I thought I would add this because the a in the example you gave is sorted:
import numpy as np
a = [1, 3, 5, 6, 9, 10, 14, 15, 56]
start = np.searchsorted(a, 6, 'left')
end = np.searchsorted(a, 10, 'right')
rng = np.arange(start, end)
rng
# array([3, 4, 5])
a = np.array([1,2,3,4,5,6,7,8,9])
b = a[(a>2) & (a<8)]
Other way is with:
np.vectorize(lambda x: 6 <= x <= 10)(a)
which returns:
array([False, False, False, True, True, True, False, False, False])
It is sometimes useful for masking time series, vectors, etc.
This code snippet returns all the numbers in a numpy array between two values:
a = np.array([1, 3, 5, 6, 9, 10, 14, 15, 56] )
a[(a>6)*(a<10)]
It works as following:
(a>6) returns a numpy array with True (1) and False (0), so does (a<10). By multiplying these two together you get an array with either a True, if both statements are True (because 1x1 = 1) or False (because 0x0 = 0 and 1x0 = 0).
The part a[...] returns all values of array a where the array between brackets returns a True statement.
Of course you can make this more complicated by saying for instance
...*(1-a<10)
which is similar to an "and Not" statement.
a = np.array([1, 3, 5, 6, 9, 10, 14, 15, 56])
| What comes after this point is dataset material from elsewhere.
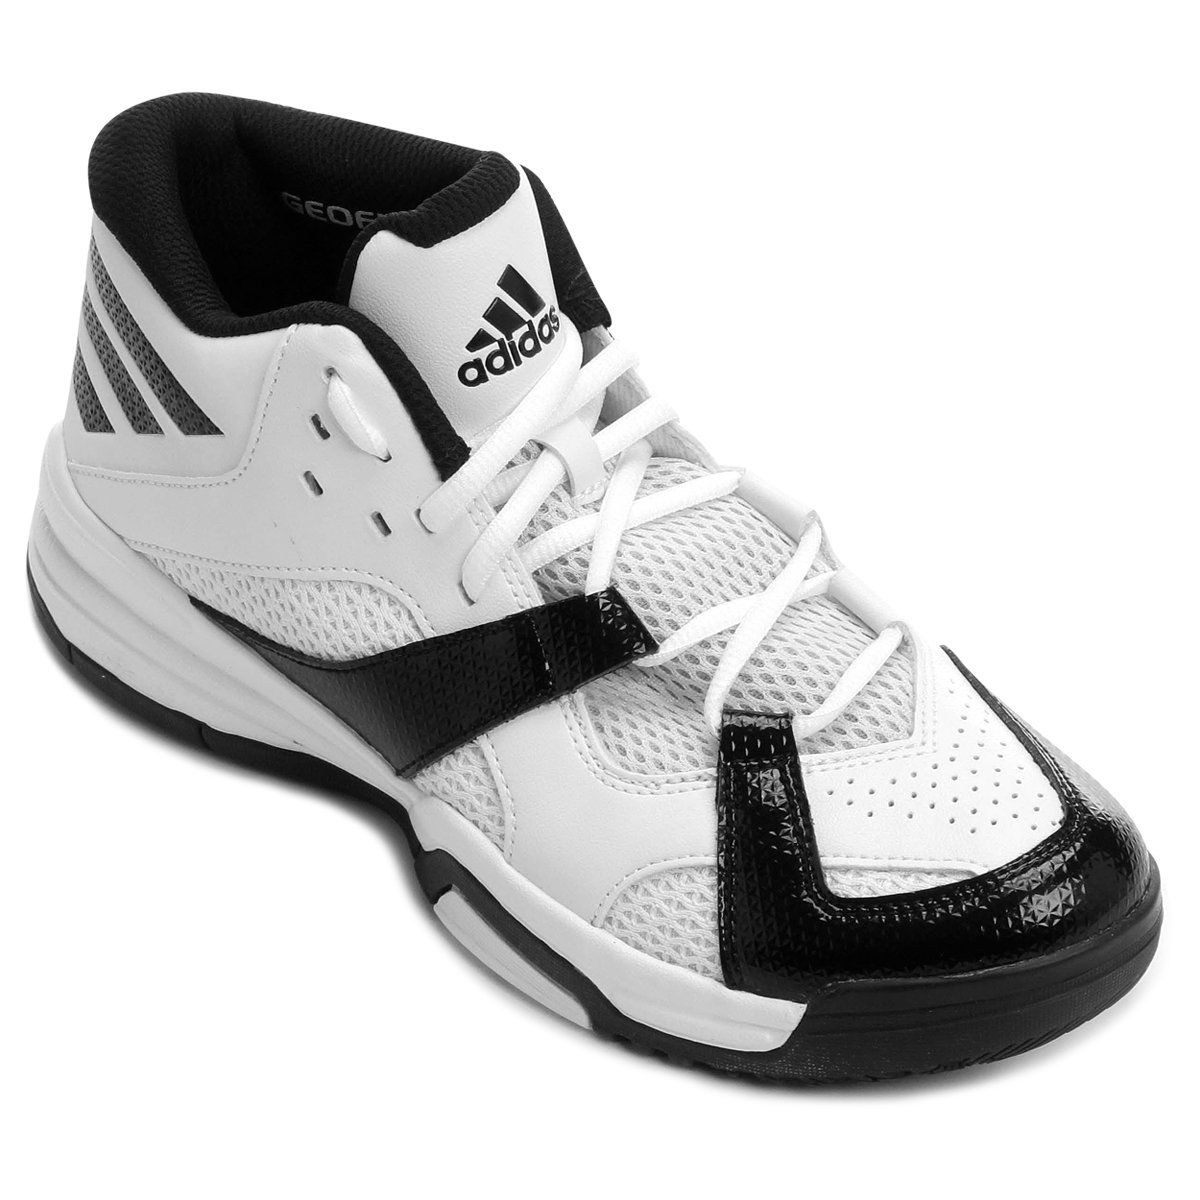 4b413a8ecd7 Tênis Cano Alto Adidas Derrick Rose First Step Masculino - Compre Agora

np.argwhere((a>=6) & (a<=10))
Wanted to add numexpr into the mix:
import numpy as np
import numexpr as ne
a = np.array([1, 3, 5, 6, 9, 10, 14, 15, 56])
np.where(ne.evaluate("(6 <= a) & (a <= 10)"))[0]
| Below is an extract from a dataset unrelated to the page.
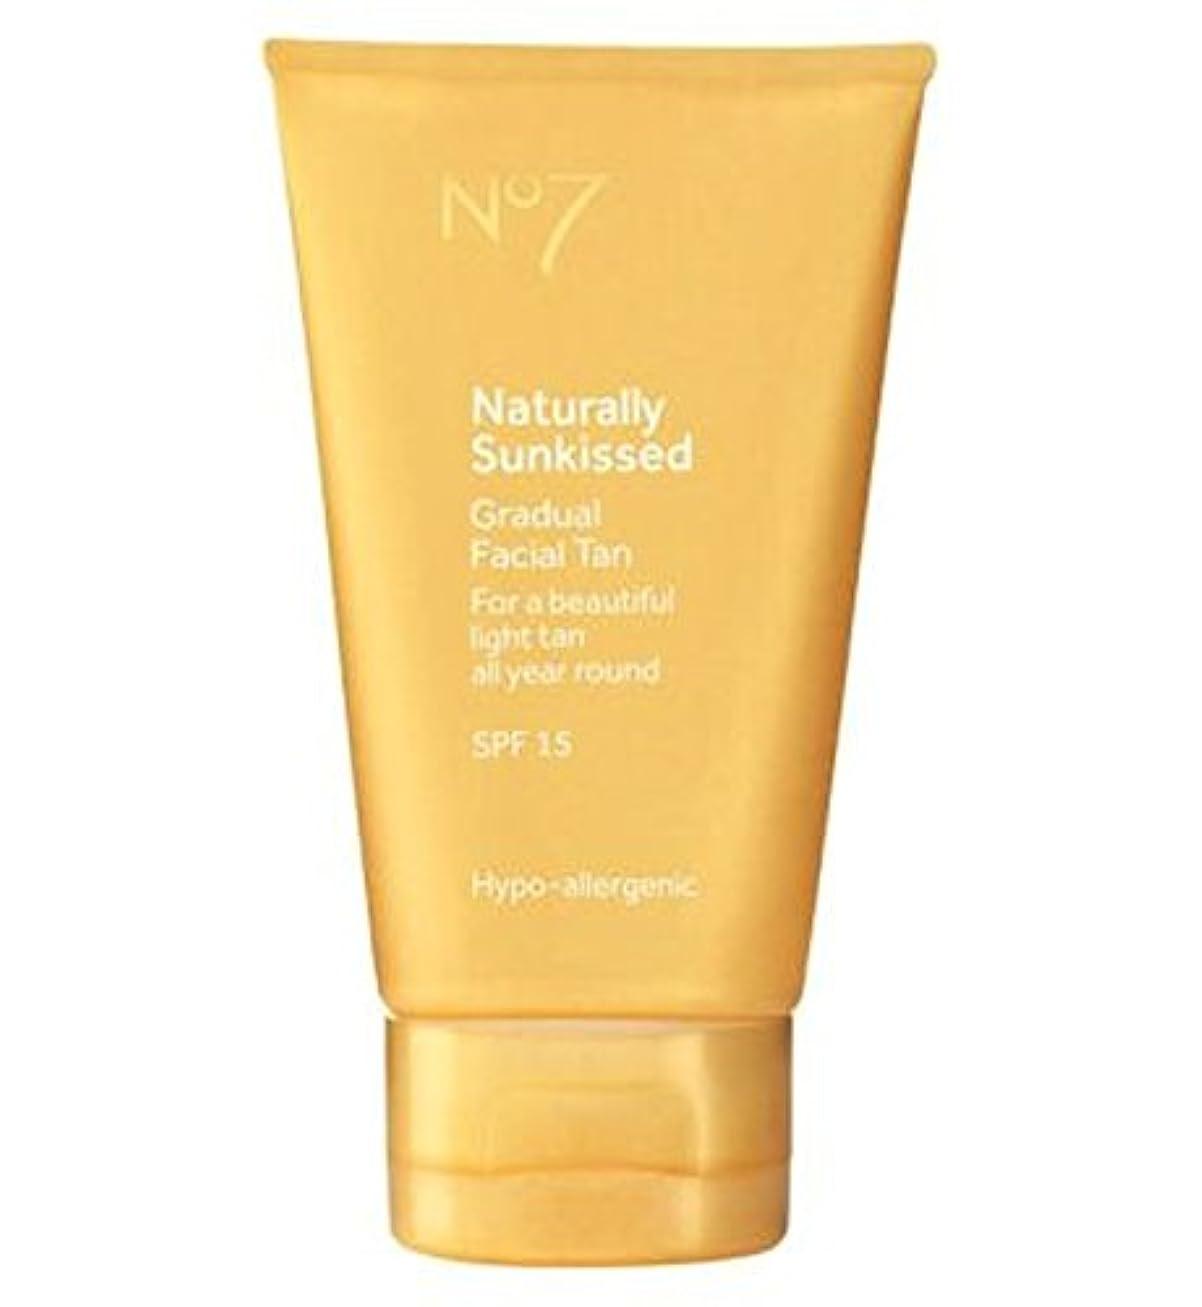 なに誇大妄想忍耐No7は自然に太陽が緩やかな顔日焼けSp15にキスをしました (No7) (x2) - No7 Naturally Sun Kissed Gradual Face Tan SP15 (Pack of 2) [並行輸入品]

# array([3, 4, 5], dtype=int64)
Would only make sense for larger arrays with millions... or if you hitting a memory limits.
This may not be the prettiest, but works for any dimension
a = np.array([[-1,2], [1,5], [6,7], [5,2], [3,4], [0, 0], [-1,-1]])
ranges = (0,4), (0,4)
def conditionRange(X : np.ndarray, ranges : list) -> np.ndarray:
idx = set()
for column, r in enumerate(ranges):
tmp = np.where(np.logical_and(X[:, column] >= r[0], X[:, column] <= r[1]))[0]
if idx:
idx = idx & set(tmp)
else:
idx = set(tmp)
idx = np.array(list(idx))
return X[idx, :]
b = conditionRange(a, ranges)
print(b)
s=[52, 33, 70, 39, 57, 59, 7, 2, 46, 69, 11, 74, 58, 60, 63, 43, 75, 92, 65, 19, 1, 79, 22, 38, 26, 3, 66, 88, 9, 15, 28, 44, 67, 87, 21, 49, 85, 32, 89, 77, 47, 93, 35, 12, 73, 76, 50, 45, 5, 29, 97, 94, 95, 56, 48, 71, 54, 55, 51, 23, 84, 80, 62, 30, 13, 34]
dic={}
for i in range(0,len(s),10):
dic[i,i+10]=list(filter(lambda x:((x>=i)&(x<i+10)),s))
print(dic)
for keys,values in dic.items():
print(keys)
print(values)
Output:
(0, 10)
[7, 2, 1, 3, 9, 5]
(20, 30)
[22, 26, 28, 21, 29, 23]
(30, 40)
[33, 39, 38, 32, 35, 30, 34]
(10, 20)
[11, 19, 15, 12, 13]
(40, 50)
[46, 43, 44, 49, 47, 45, 48]
(60, 70)
[69, 60, 63, 65, 66, 67, 62]
(50, 60)
[52, 57, 59, 58, 50, 56, 54, 55, 51]
You can use np.clip() to achieve the same:
a = [1, 3, 5, 6, 9, 10, 14, 15, 56]
np.clip(a,6,10)
However, it holds the values less than and greater than 6 and 10 respectively.